Consider these classes that will act as base classes:
struct Base1 {
int b1;
void print_Base1_addr() const { std::cout << this << '\n'; }
};
struct Base2 {
int b2;
void print_Base2_addr() const { std::cout << this << '\n'; }
};
If Derived inherits from Base1 and Base2:
struct Derived: Base1, Base2 {
int i;
void print_addr() const { std::cout << this << '\n'; }
};
Then this code prints the same address for this in Derived and Base1 but not in Base2:
Derived d{};
d.print_addr();
d.print_Base1_addr();
d.print_Base2_addr();
I don't understand why this in Derived has the same address as in Base1. These aren't empty classes as they all contain a data member (the addresses of the data members b1 and i differ). It is as if Base1 overlaps on the Derived.
What I am overlooking?
I don't understand why this in Derived has the same address as in Base1.

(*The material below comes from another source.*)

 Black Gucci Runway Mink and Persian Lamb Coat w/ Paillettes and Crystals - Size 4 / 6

Why not? The derived object contains the base class subobjects. Sub objects can have the same address as the container object.

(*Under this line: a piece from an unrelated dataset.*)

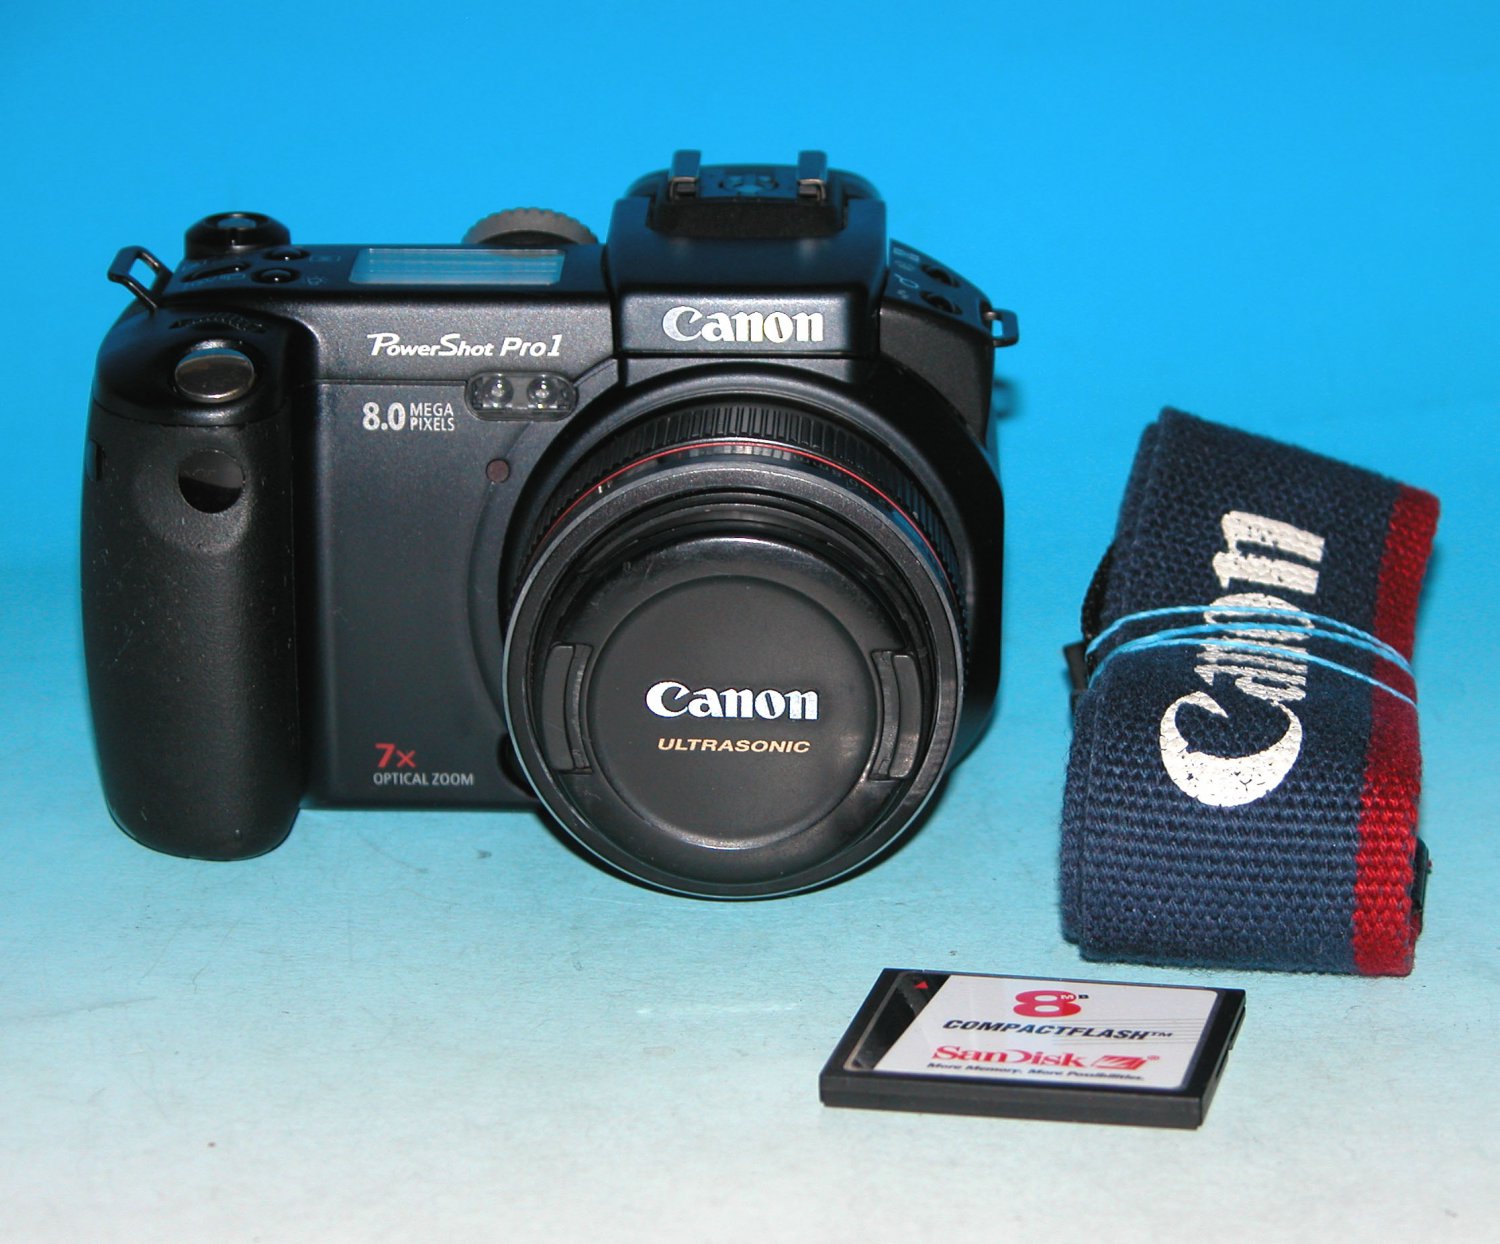 Canon PowerShot Pro 1 8.0MP Digital Camera - Black #ns

The layout in memory probably looks something like this:
mem addr | 0123456789ab # relative to the address of Derived object
Base1 | 1111 # 1 denotes address occupied by Derived::Base1
Base2 | 2222 # 2 denotes address occupied by Derived::Base2
i | iiii # i denotes address occupied by Derived::i
Derived | DDDDDDDDDDDD # D denotes address occupied by Derived
-------------------------
all subobj | 11112222iiii
Notice how the beginning of both 1 and D overlap at the address 0.
It is as if Base1 overlaps on the Derived.
That is exactly how subobjects behave. Just like elements of array overlap the entire array, members of a class overlap the class, so too the base class sub objects overlap the memory of the derived class.